Mortem wasn’t bothered by Ren’s tone this time.
“The two of you are eternally bonded. While the other gods have taken thralls and raised Netheryn for millennia, I have rarely done so. My efforts with your kind have been focused on the Nether and the resting place of mortal souls.”
Ed blinked. “So, you’re telling me we are the only Netheryn with your power?”
“Yes.”
Even Ren was surprised by this.
“How many Netheryn do the other gods have?” Ren asked, mouth agape.
“Impossible to say. Likely hundreds. Possibly more.”
“Hundreds?!” Ed remarked.
Ren sighed loudly and paced around the room, hands on hips. She scraped her boots against the floor, which echoed loudly through the room. Clearly, she wanted to say something.
Mortem waited.
“It feels like you are setting us up to fail,” she eventually said.
“Would you prefer the alternative?
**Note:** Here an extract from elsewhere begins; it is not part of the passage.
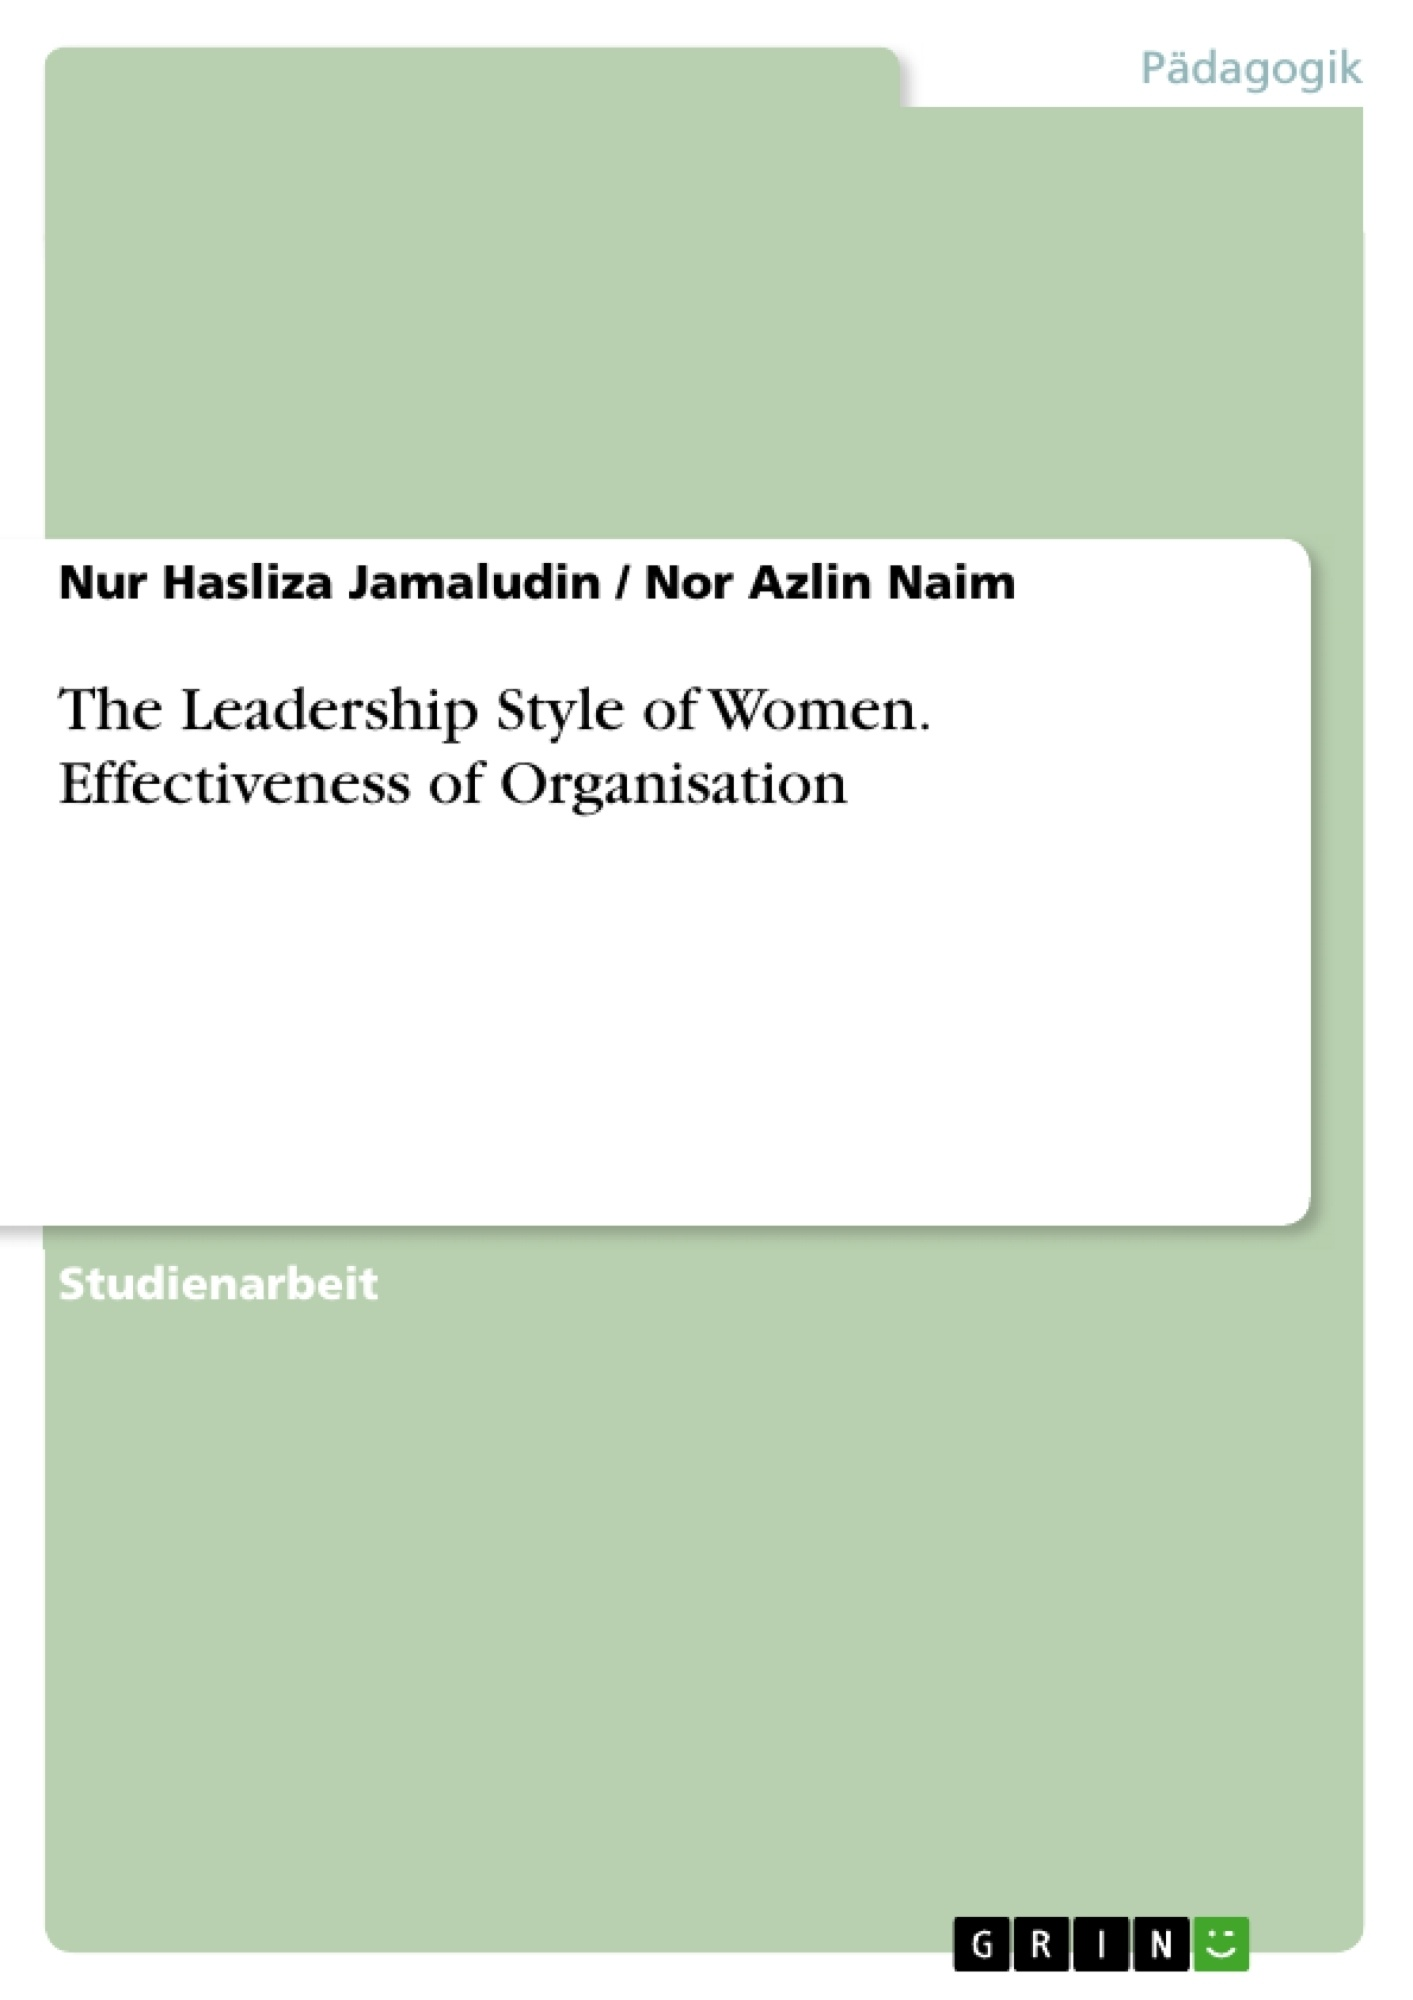 Titel: The Leadership Style of Women. Effectiveness of Organisation

For your fate to be in Somnia’s hands? Your lives were both plucked from the tapestry of fate. No one else at your king’s castle had a choice. Only the two of you,” Mortem said sternly.
Ren rubbed the back of her head. “You’re not wrong, but I still don’t like any of this. It feels wrong.”
“Because this was never supposed to happen,” Mortem said. “Now, I have truly reached my limit to keep you here. I will communicate with you both as I can, but our time is over.”
Mortem drew on the floor again with his small tool before waving his hand in the air.
Ed and Ren ceased to exist in the Nether as their souls were suddenly ripped back to their world.